What about the pro-rata rule?
The pro-rata rule (IRC §72(d)) only matters when you have BOTH pre-tax AND after-tax money in the same account at the time of a partial conversion. The Mega-Backdoor flow specifically isolates after-tax via the basis-isolation rule in IRS Notice 2014-54 — when you convert/distribute the after-tax sub-account separately, no pro-rata. The pro-rata rule does affect the Backdoor Roth IRA (different calculator), so do not confuse the two.
Can I do this if I am self-employed?
Yes — via a Solo 401(k) that allows after-tax contributions, but only specific Solo 401(k) providers offer this (Schwab and most banks DO NOT; specialty providers like My Solo 401k Financial, Carry, and a few others DO). Plan setup is more complex than a regular Solo 401(k) — the plan document needs explicit after-tax and Roth-conversion language.

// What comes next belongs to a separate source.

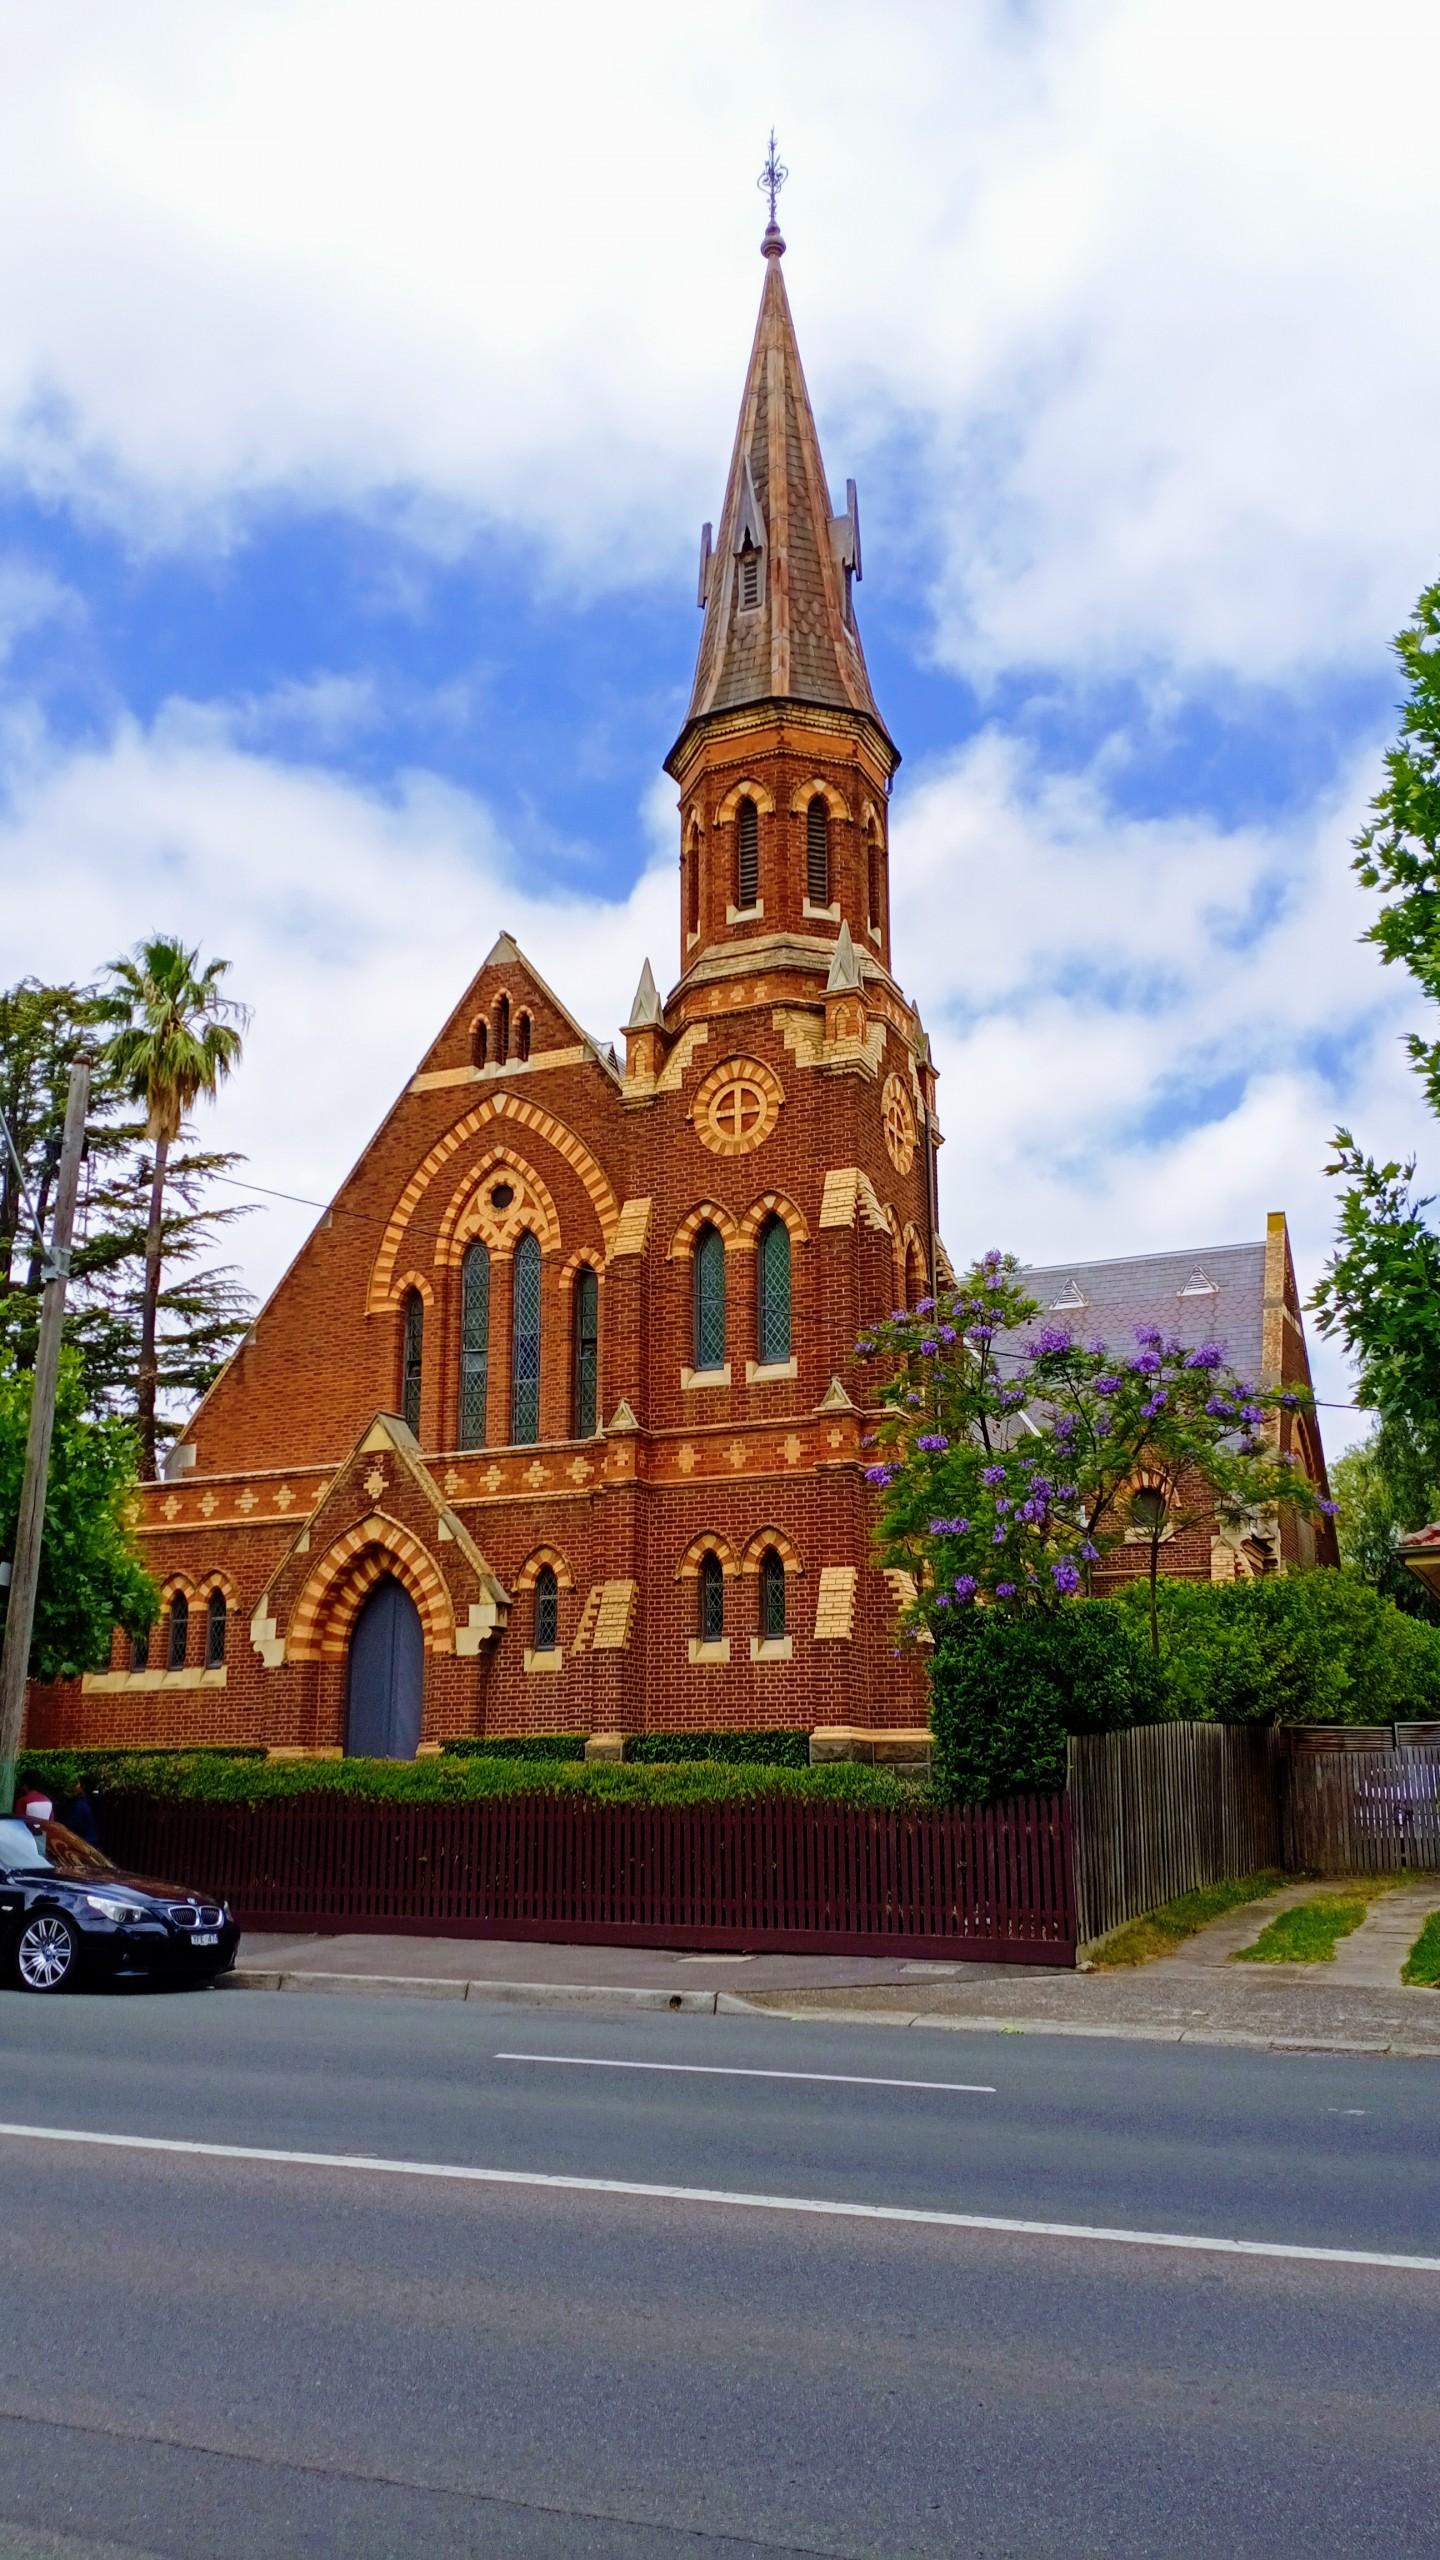 Artistic Church Architecture

What is the tax treatment of growth?
Tax-free at withdrawal, assuming you follow the Roth qualification rules: (1) Roth IRA / Roth 401(k) must be open for 5+ years, (2) you must be 59½ or qualify under an exception. The "5-year clock" is per-account for Roth IRAs and per-conversion for Roth 401(k)s — be careful if you plan early withdrawal. The Mega-Backdoor principal can be withdrawn anytime (Roth contributions are always accessible); only the growth is locked until 59½.
Is this tax advice?
No — it is an estimate based on published IRS rules and your inputs. Plan-specific rules vary (some plans have lower internal caps, ERISA non-discrimination testing limits, top-heavy plan restrictions). For your specific situation, talk to a licensed tax professional or a fee-only fiduciary financial planner.